# Atlas milling attachment - $400 ( Livermore, CA)



## MrWhoopee (Jan 17, 2020)

Atlas milling attachment
					

I have for sale a atlas milling attachment in good condition. Milling attachment used to mill slots, keyways or flats on round material in a lathe. This is an original part not the cheap eBay crap...



					sfbay.craigslist.org


----------



## middle.road (Jan 17, 2020)

Funny - I don't see any gold plating...


----------



## Aaron_W (Jan 17, 2020)

I've been seeing this one for at least a month, perhaps longer. The price has been static at $400, it seems like you usually start to see them start to creep down after a few weeks.


----------



## Dabbler (Jan 17, 2020)

I sold mine for 65$.  Near perfect condition -  that's about right.


----------



## DavidR8 (Jan 17, 2020)

Dabbler said:


> I sold mine for 65$. Near perfect condition - that's about right.



Speaking of... 


Sent from my iPhone using Tapatalk


----------



## middle.road (Jan 18, 2020)

Always wanted on for my Logan, I never saw one get below $150, and that's (20) years of casual looking.
$65 was one heck of a bargain, IMO.


----------



## Grinderman (Jan 18, 2020)

Aaron_W said:


> I've been seeing this one for at least a month, perhaps longer. The price has been static at $400, it seems like you usually start to see them start to creep down after a few weeks.


There was a “rare” atlas micrometer carriage stop on ebay for $220 plus shipping awhile back.
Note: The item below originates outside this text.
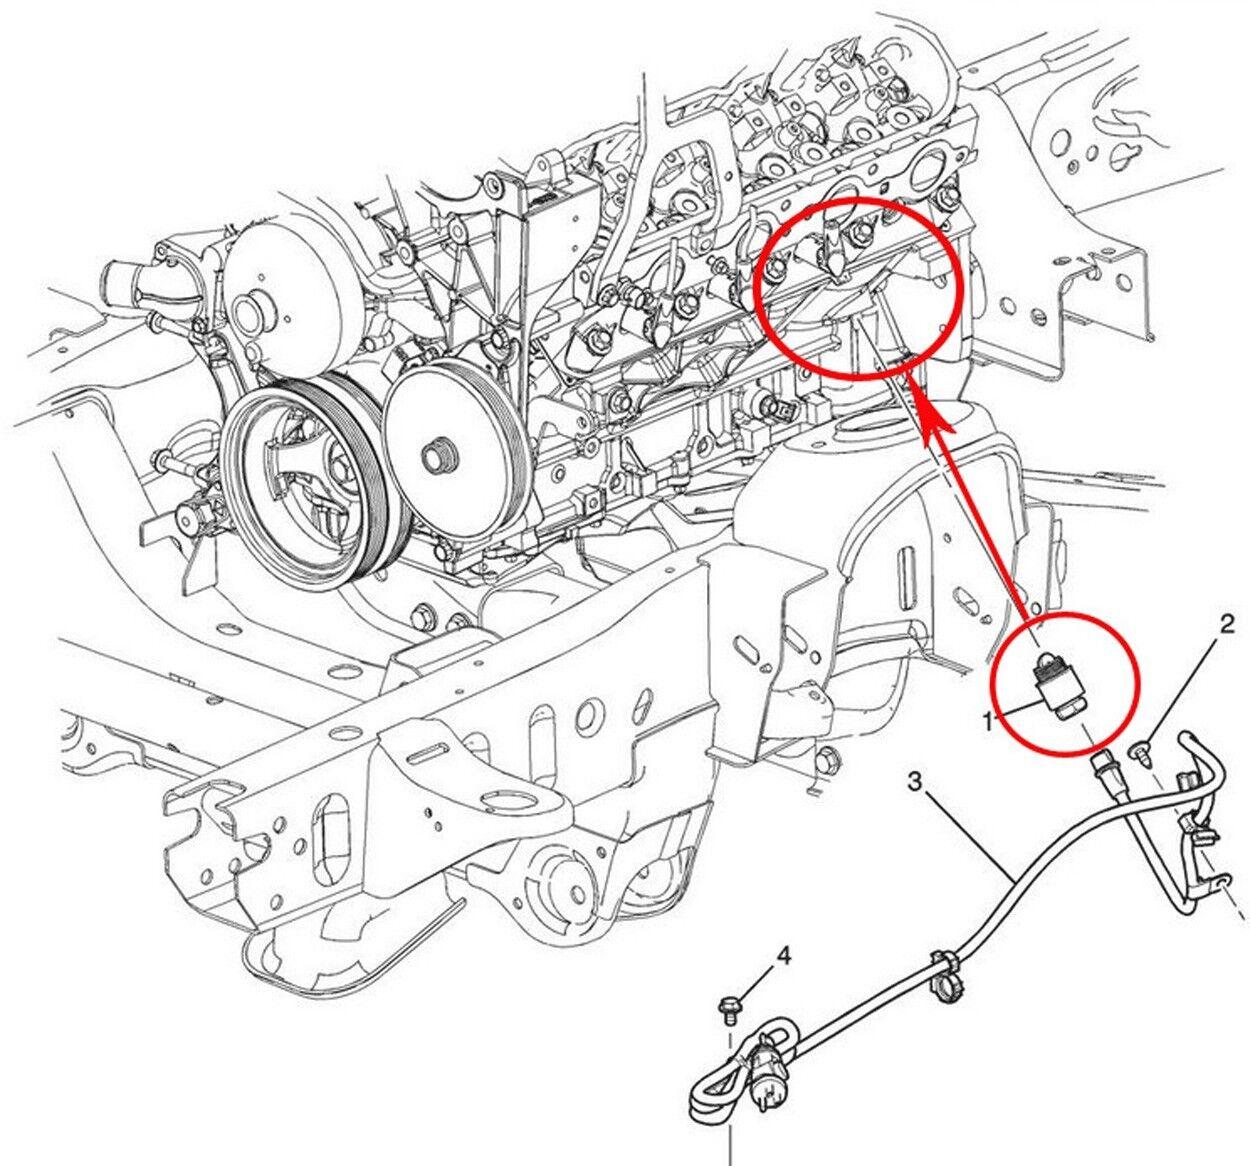 Gm 20882795 Block Heater Cord Genuine Oem Ebay Avalanche Engine Diagram Norton Secured Powered By Verisign
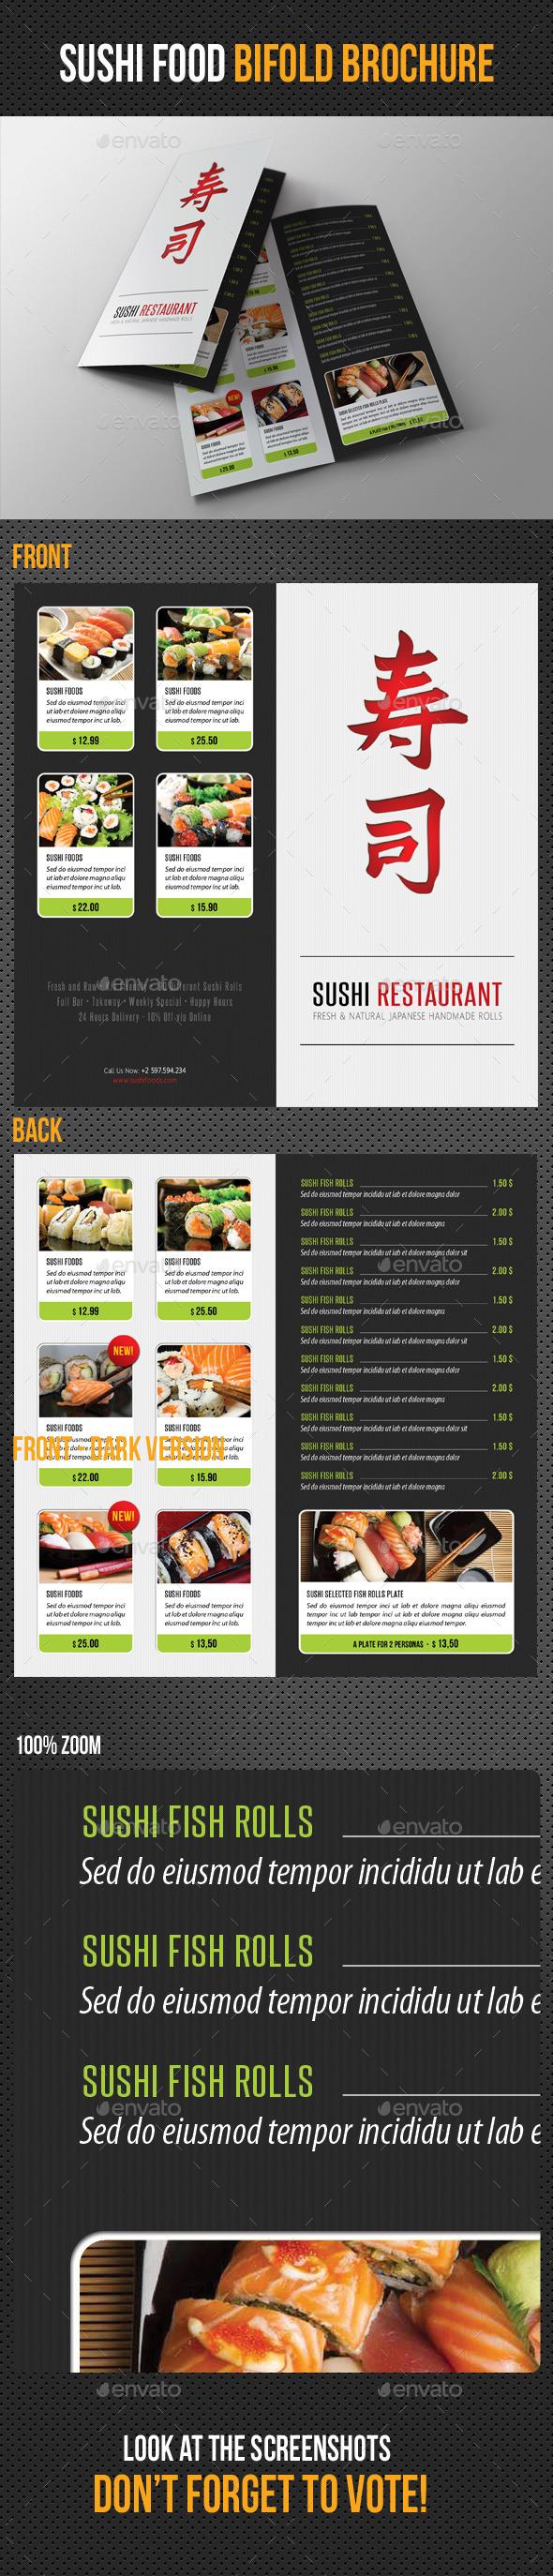 Sushi Restaurant Menu Bifold Brochure  Sushi Restaurants And

I laughed out loud. Now I think it’s down to $190 +.Hopefully nobody buys these things and the sellers get the message.


----------



## Latinrascalrg1 (Jan 18, 2020)

Wow this is the cheapest example of one ive ever seen for sale!  Theres someone in my area that has been trying to sell one for $495 (I believe) that seems to refuses to reduce to a lower price for at least a year now that ive seen it listed!


----------



## Dabbler (Jan 18, 2020)

Those prices are for collectors.  A reasonable price for a good mic stop is 100$  new.


----------



## Grinderman (Jan 18, 2020)

Latinrascalrg1 said:


> Wow this is the cheapest example of one ive ever seen for sale!  Theres someone in my area that has been trying to sell one for $495 (I believe) that seems to refuses to reduce to a lower price for at least a year now that ive seen it listed!


I paid $150 for mine about a year ago and thought that was way too much. I only paid $200 for the whole running lathe about 3 yrs ago.


----------



## Ulma Doctor (Jan 18, 2020)

often, accessories are more expensive than the machine


----------